Proses untuk penilaian dan penyelesaian penilai klien. Penilaian
auditing profesional hanya dapat dilakukan setelah melakukan due date
yang sesuai proses untuk menilai dan menantang penilaian klien.
Pertimbangkan ketidakpastian dan rentang kemungkinan hasil transaksi
dan bandingkan dengan penilaian klien terhadap hal tersebut. Tinjau
penilaian klien terhadap perawatan alternatif dan alasan penolakan.
Evaluasi apakah asumsi signifikan yang dibuat oleh klien masuk akal. Kaji
perlakuan akuntansi yang diajukan klien. Dapatkan saran yang sesuai
dari para ahli di dalam perusahaan audit atau di luar. Identifikasi konflik
kepentingan atau bias klien untuk memastikan objektivitas penilaian. Jika
Ada kemungkinan konflik kepentingan atau bias, menilai kembali
pertimbangan di atas dengan tingkat skeptisisme yang lebih besar. Sadar
akan tekanan yang tidak semestinya dari klien atau kantor audit dan
pertahankan objektivitas. Buat penilaian sendiri atas perlakuan akuntansi
yang sesuai. Menilai apakah penilaian klien terhadap perlakuan akuntansi
sama dengan Anda sendiri atau dalam batas yang dapat diterima Jika
tidak, diskusikan dengan klien dan pertimbangkan implikasinya.
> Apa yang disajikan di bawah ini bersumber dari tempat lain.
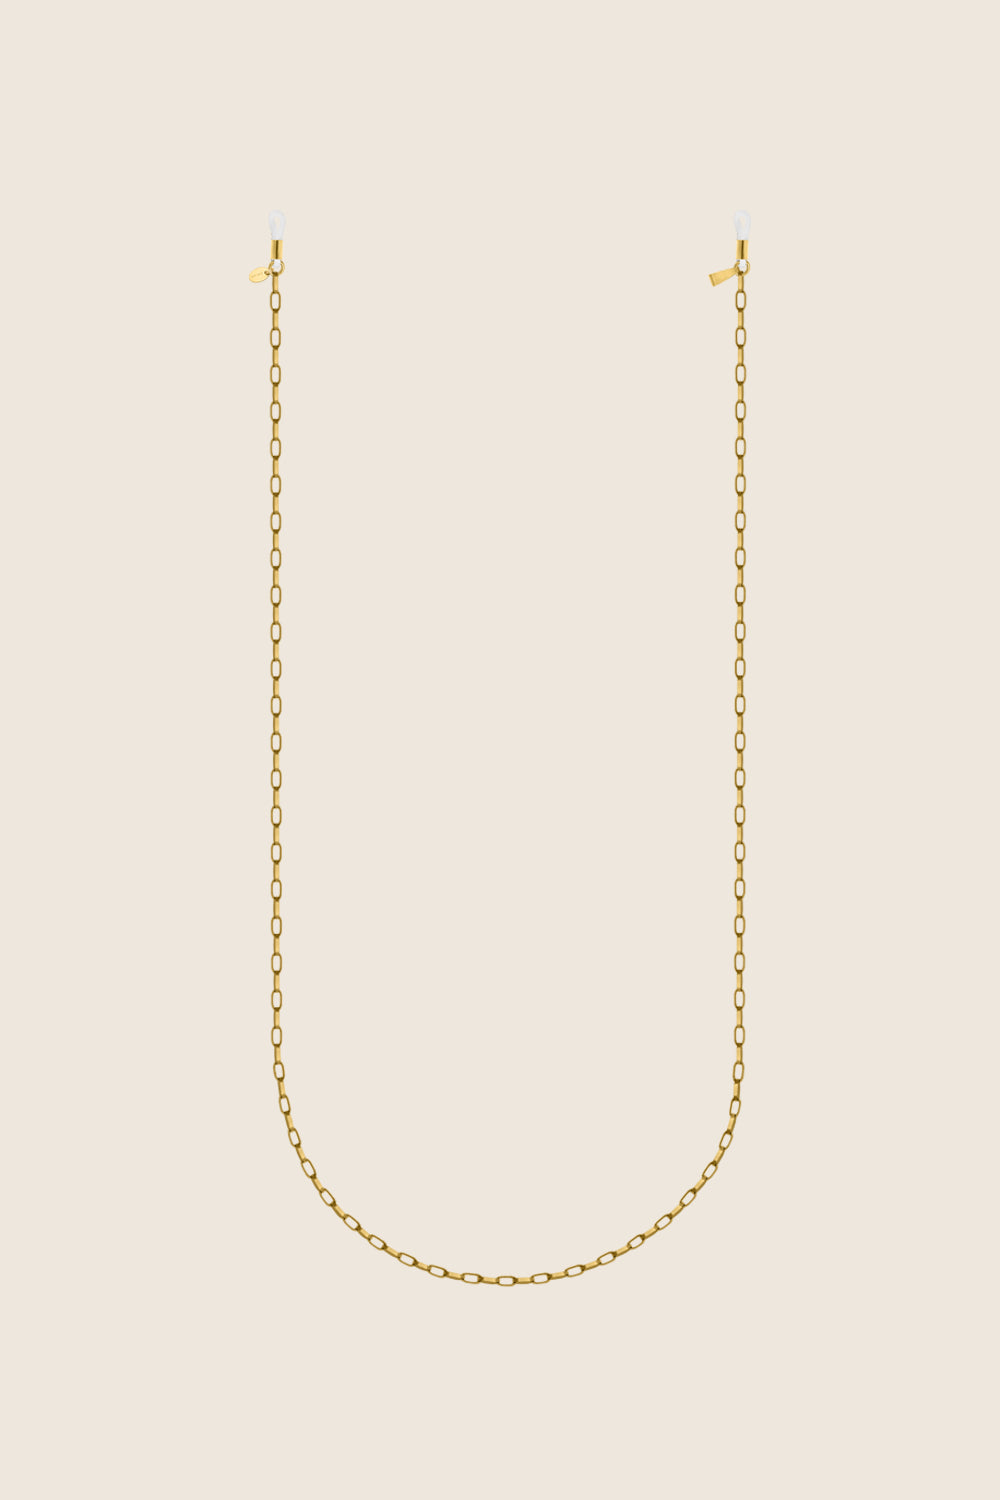 łańcuszek do okularów ze złoconego srebra 925 LENS I polska biżuteria UMIAR

Pertimbangkan apakah keputusan Anda adalah keputusan yang akan
Anda pertahankan dengan baik kemungkinan risiko reputasi. Pastikan
prosedur persetujuan/eskalasi untuk penilaian kunci telah diikuti untuk
memastikannya bahwa penilaian material telah disahkan, jika sesuai.
Periksa perlakuan dan masukan akuntansi yang dihasilkan dan pastikan
mereka masuk akal. Periksa pengungkapan catatan yang dihasilkan.
Identifikasi poin pada saat penilaian penilaian ulang akan diperlukan-
misalnya periode berakhir atau titik pemicu dalam kontrak awal.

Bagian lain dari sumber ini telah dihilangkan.